Search Terms Report
The Search Terms Report is a Google Ads report that displays the actual search queries users entered on Google that triggered your ads. It shows performance metrics for each query, helping advertisers identify valuable new keywords to add and irrelevant terms to exclude as negative keywords.
The Search Terms Report is a Google Ads report that displays the actual search queries users entered on Google that triggered your ads.

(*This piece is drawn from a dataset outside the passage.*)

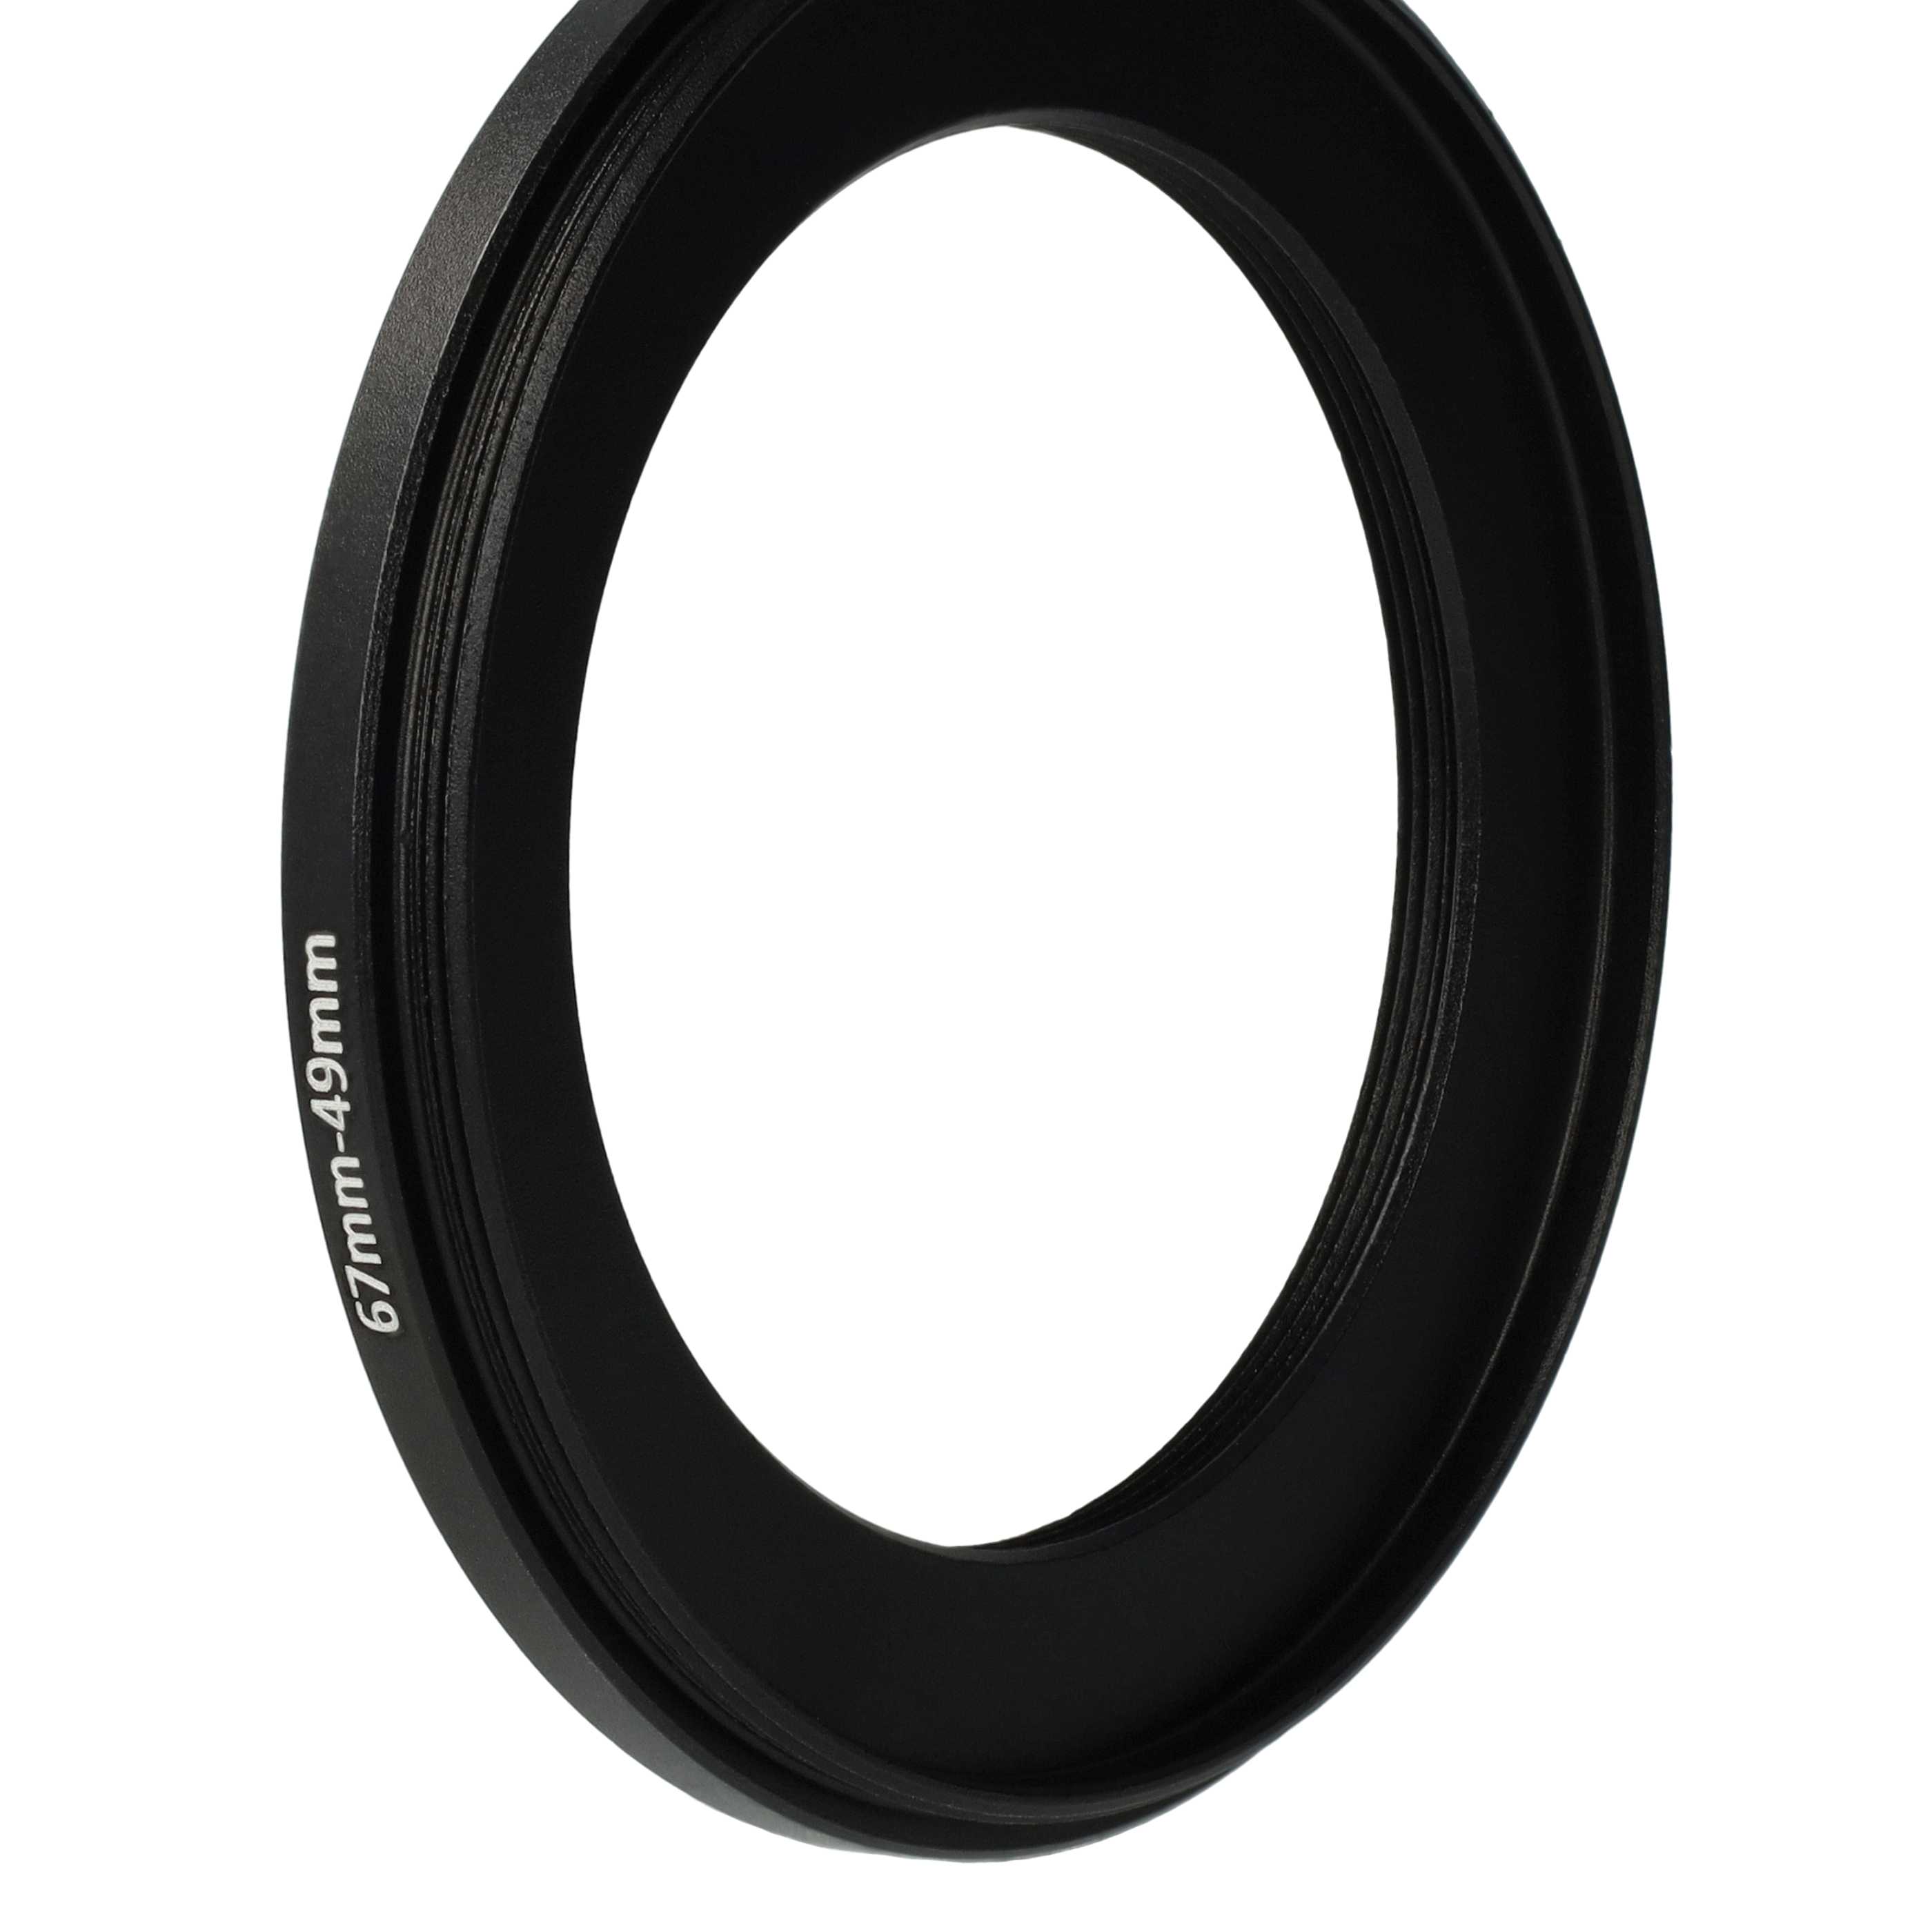 Anello adattatore step-down da 67 mm a 49 mm per obiettivo fotocamera - Adattatore filtro, metallo, nero

It shows performance metrics for each query, helping advertisers identify valuable new keywords to add and irrelevant terms to exclude as negative keywords.
Key Takeaways
- Shows real user queries that matched your keywords and triggered ad impressions
- Essential for negative keyword management and keyword discovery
- Available for Search campaigns and the search component of Performance Max
- Google redacts low-volume queries for privacy, limiting full visibility
- Should be reviewed weekly for active campaign optimization
What Is the Search Terms Report
The Search Terms Report bridges the gap between your keyword list and actual user behavior. Your keywords are what you bid on; search terms are what users actually type. With broad match and phrase match, one keyword can trigger ads for hundreds of different search queries — and not all of them will be relevant.

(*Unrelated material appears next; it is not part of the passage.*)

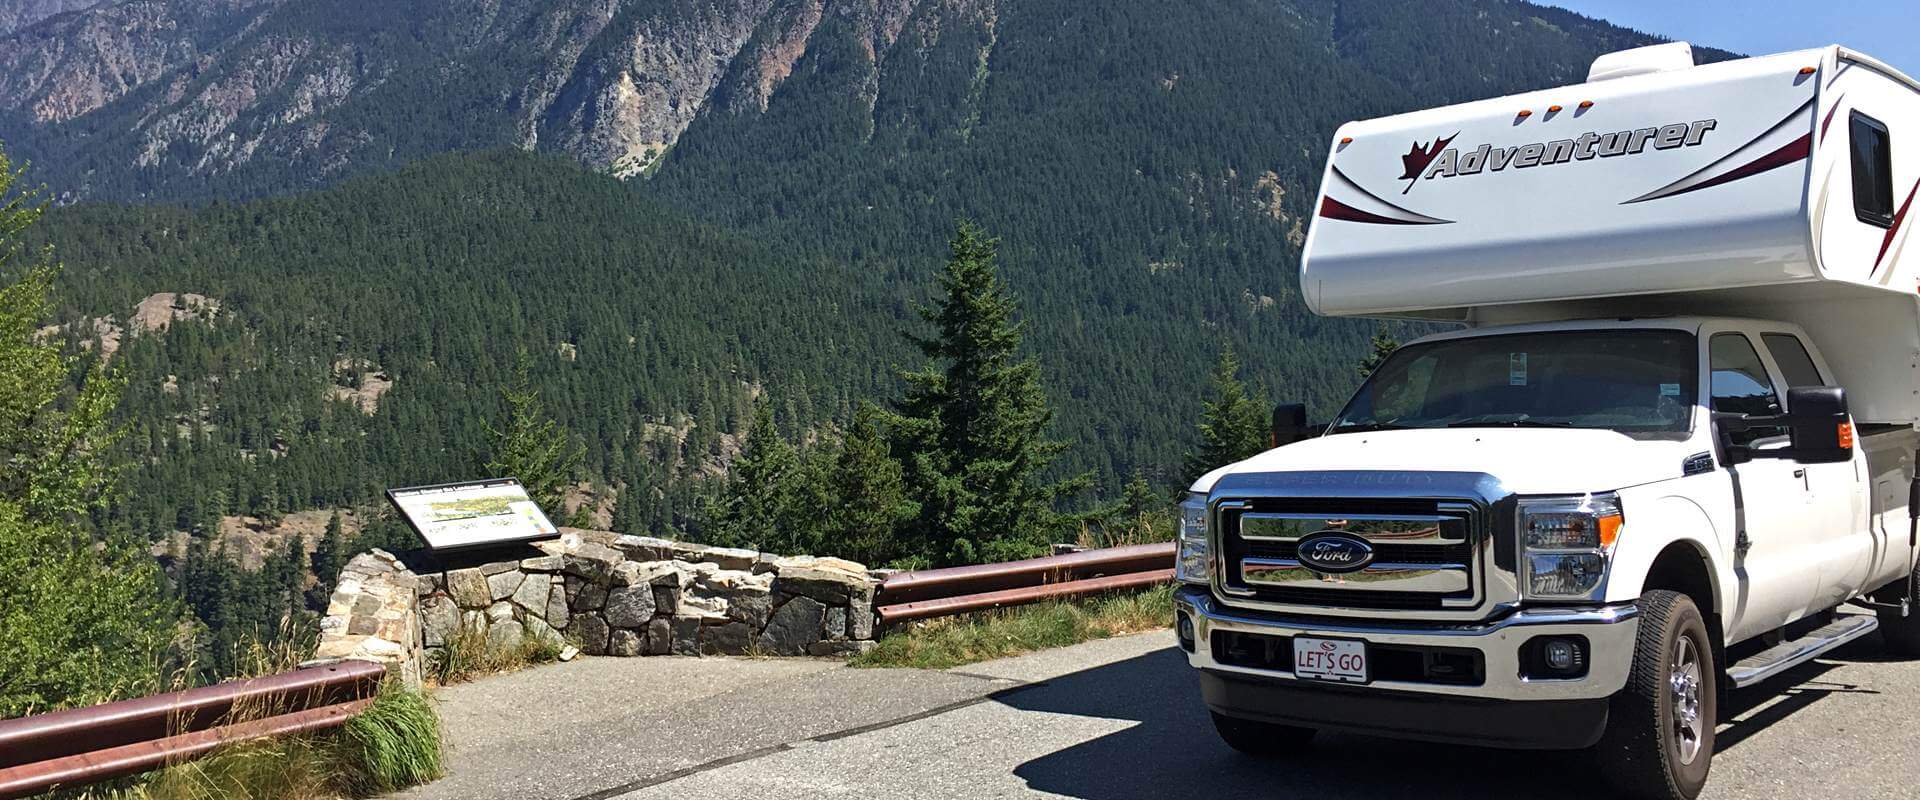 Der Truck Camper für einen Camping-Roadtrip in Kanada oder USA

| Concept | Definition | Example |
|---|---|---|
| Keyword | The term you add to your ad group | ”running shoes” (broad match) |
| Search term | What the user actually searched | ”best running shoes for flat feet 2026” |
| Match type | How closely the query must match your keyword | Broad, Phrase, Exact |
The report is found under Campaigns > Insights and reports > Search terms in the 2026 interface, or at the keyword level by selecting keywords and choosing “Search terms.”
How It Works
For each search term that triggered your ad, the report shows:
- The exact query the user entered (when volume is sufficient)

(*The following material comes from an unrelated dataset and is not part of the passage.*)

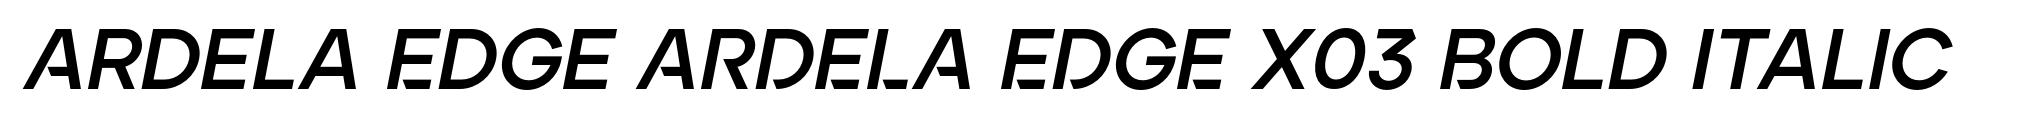 Ardela Edge ARDELA EDGE X03 Bold Italic image

- The keyword it matched to and the match type used
- Performance metrics: impressions, clicks, CTR, CPC, conversions, cost
- Status: whether the term is already added as a keyword or negative
You can take action directly from the report:
- Add as keyword — Promote high-performing search terms to your keyword list with appropriate match types
- Add as negative keyword — Block irrelevant terms from triggering your ads
- Filter and segment — Sort by conversions, cost, or CTR to prioritize review
Google privacy thresholds mean that search terms with very low volume are grouped under “Other search terms” and not individually visible. This redacted portion can represent 20-40% of total traffic in some accounts.
Practical Example
A B2B software company reviews its weekly Search Terms Report:
| Search Term | Clicks | Cost | Conversions | Action |
|---|---|---|---|---|
| ”crm software for small business” | 45 | $135 | 8 | Add as phrase match keyword |
| ”crm software free” | 62 | $186 | 0 | Add as negative keyword |
| ”salesforce alternatives 2026” | 28 | $84 | 5 | Add as exact match keyword |
| ”what is crm” | 95 | $285 | 1 | Add as negative keyword |
| ”crm developer jobs” | 15 | $45 | 0 | Add as negative keyword |
Results of this single weekly review:
- Two new keywords added, expected to generate 13+ conversions/month
- Three negative keywords added, saving approximately $516/month in wasted spend
- Projected CPA improvement: from $42 to $35 (-17%)
Why It Matters
The Search Terms Report is the single most important optimization report in Google Ads. Without regular review, broad match keywords will inevitably match to irrelevant queries, draining budget without generating conversions. It is equally valuable for keyword discovery — the report reveals exactly how users search for your products, often surfacing long-tail variations and intent patterns that Keyword Planner data alone cannot capture. Weekly review is considered best practice for active accounts.